O Tribunal de Justiça sublinhou que “as
características pessoais do suposto autor e a gravidade do crime do qual ele é
acusado não constituem, em si, justificativa suficiente para a prisão
preventiva”.[20]
Verifica-se, portanto, que não é suficiente demonstrar que um determinado
acusado é rico, ou tem apoiadores ricos, ou é acusado de corrupção grave.
Certamente não pode ser relevante para um juiz de instrução usá-la como “forma de enfatizar a gravidade do crime e
demonstrar a eficácia da ação judicial especialmente em sistemas judiciais
longos” – todas as razões que o juiz Moro tem dado para usá-lo. [21]
Essa abordagem não se concentra nos fatos do caso, mas usa a detenção como um
dispositivo para demonizar o réu perante a opinião pública. A abordagem do juiz
Moro em outros casos foi a imposição da prisão preventiva porque o réu não
reconheceu que é culpado, e no caso da falta de tal reconhecimento, existe o
perigo de o réu em liberdade continuar com as atividades corruptas. [22]

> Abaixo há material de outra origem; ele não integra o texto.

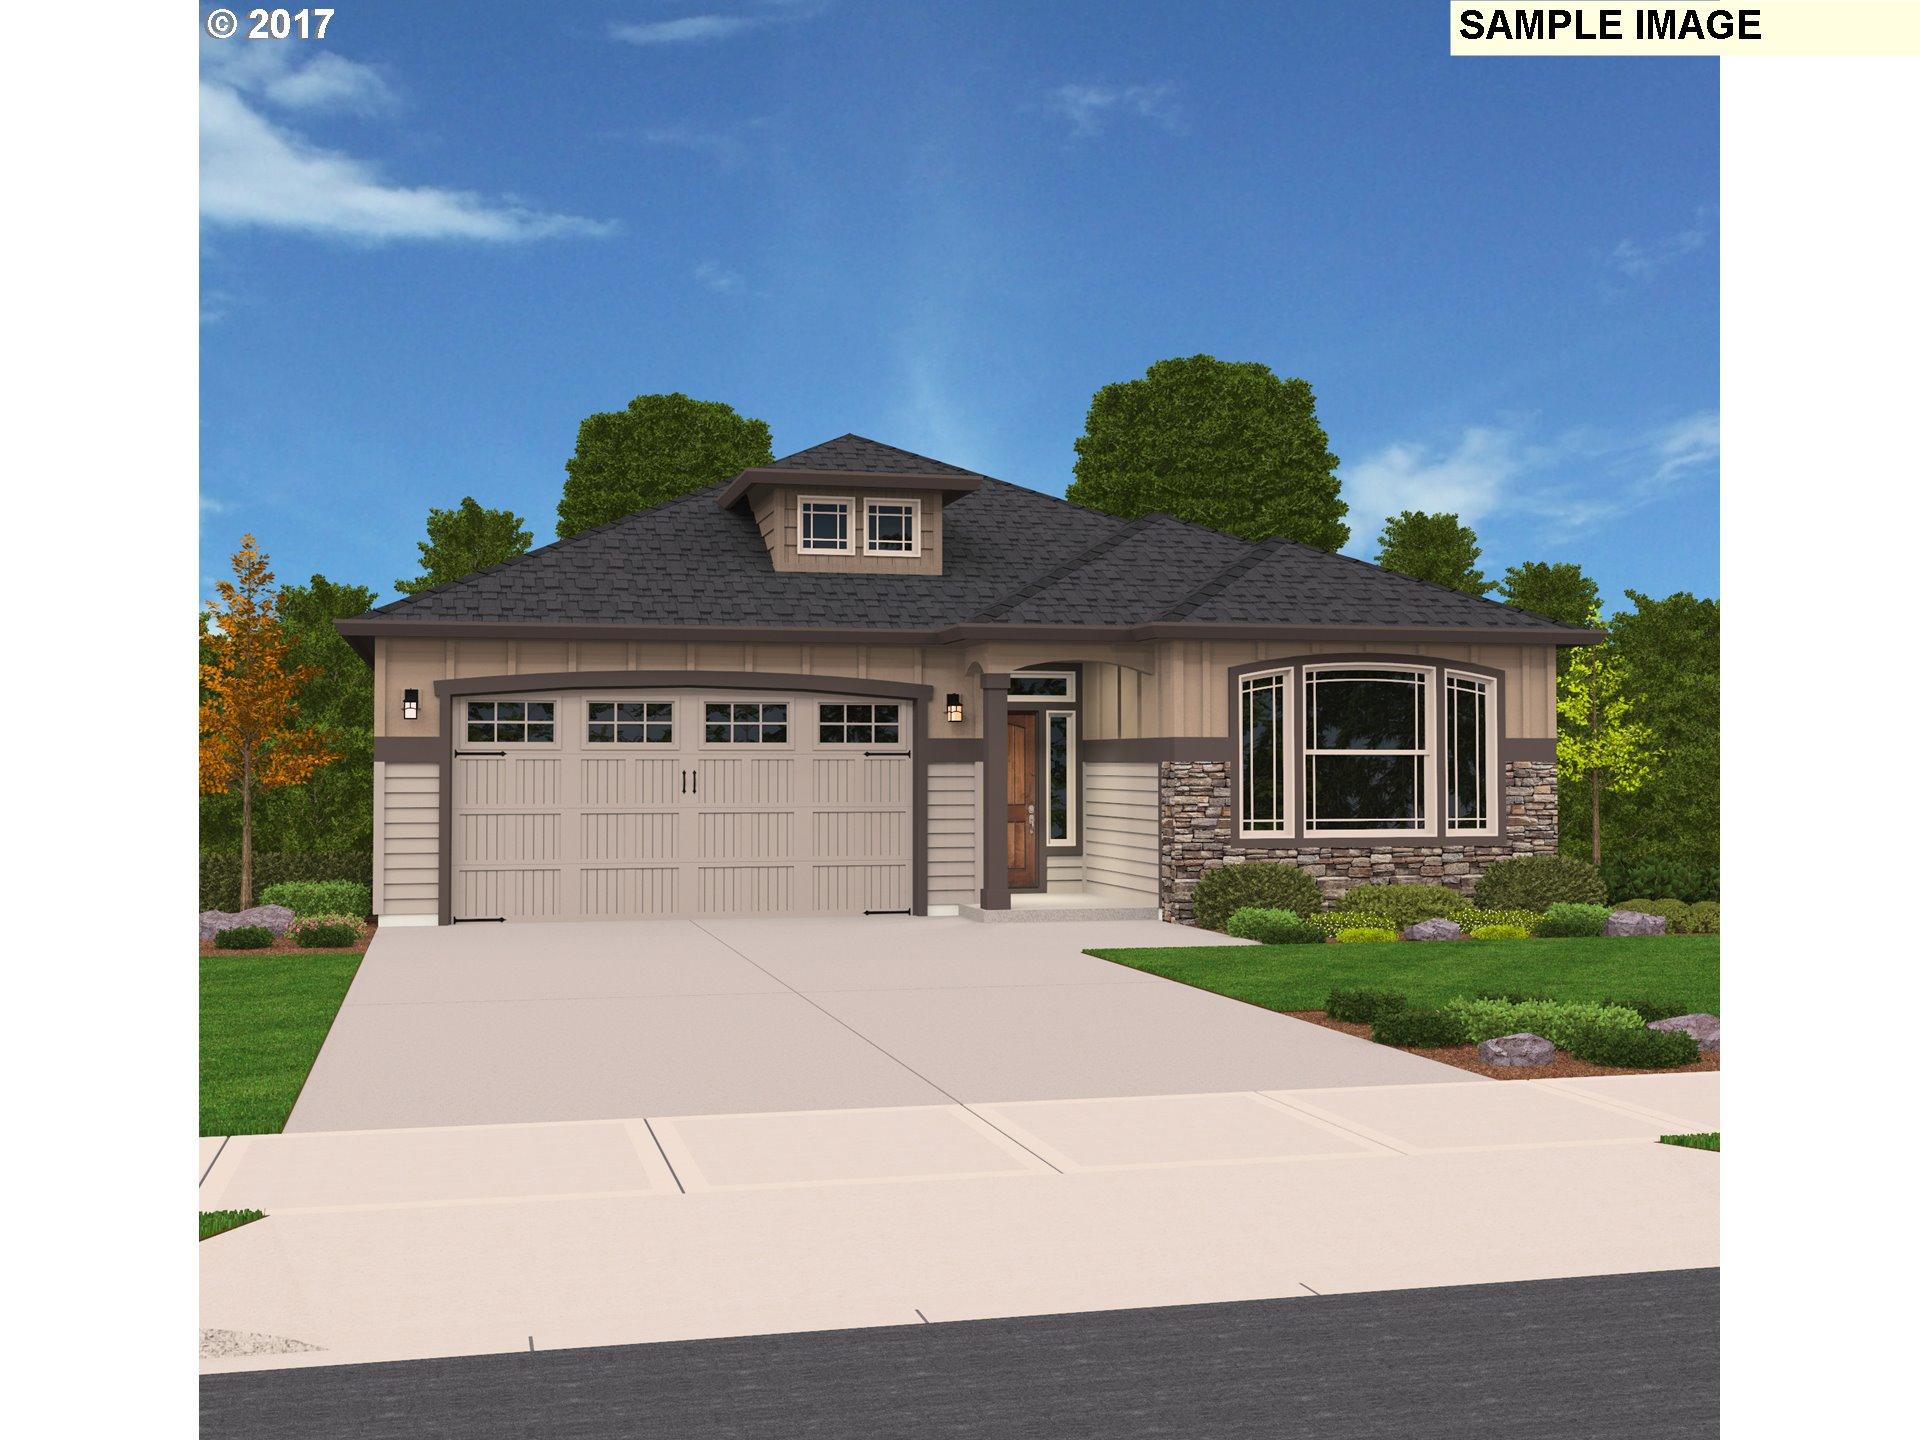 7905 NE 67th AVE, Vancouver, WA 98682

Em outras palavras, Moro se recusa a adotar a presunção de inocência, porque
ele pressupõe que os fatos que ele tem de comprovar por meio de provas são comprovados
simplesmente pela sua crença na verdade dessas premissas factuais.
60.
É bastante claro que o direito internacional proíbe a detenção quando o
objetivo é pressionar o réu ou a testemunha a confessar. No entanto, o
procurador da Lava Jato, Manoel Pastana, afirmou que “para o pássaro cantar, ele tem que ser enjaulado” e que a prisão
preventiva tem “a importante função de
convencer os criminosos a cooperar com a revelação de atos ilícitos penais,
obtendo a possibilidade de influenciá-los para que cooperem de forma útil na
determinação da responsabilidade”[23]. Isso
equivale a uma admissão, por um membro do mecanismo da "Lava Jato",
de que a verdadeira razão para a prisão preventiva é extrair uma confissão. É
evidente – trata-se de experiência forense em nível global - que confissões
obtidas nestas circunstâncias provavelmente são pouco confiáveis e não deveriam
ser usadas como base para constatação de culpa. A ‘estratégia’ usada pelo Juiz
Moro viola, dessa forma, a regra contra a auto-incriminação, sub-regra da
presunção de inocência.
61.
O artigo 312 do Código de Processo Penal do Brasil determina que a prisão
preventiva pode ser ordenada “para manter
a ordem pública, a ordem econômica, para a conveniência de uma investigação
penal, ou para assegurar a aplicabilidade da lei penal, sempre que existam
provas de um crime e indicação suficiente de quem o cometeu”.
62.
Estas disposições, em sua generalidade, são mais amplas do que permitido pela
lei internacional e devem ser interpretadas de forma restritiva e consistente
com os tratados de Direitos Humanos. O ICCPR requer a prisão preventiva para
atender uma série de objetivos específicos: para evitar a fuga ou a
interferência em provas ou a prática de outros crimes. O HRC, portanto, condena
os Estados que detêm determinado réu para fazê-lo cooperar. [24] A
“manutenção da ordem pública” – a
exceção nos termos da qual a maioria dos suspeitos da ‘Lava Jato” foi detida
sob ordem judicial- é vaga, devendo estar limitada a situações de emergência.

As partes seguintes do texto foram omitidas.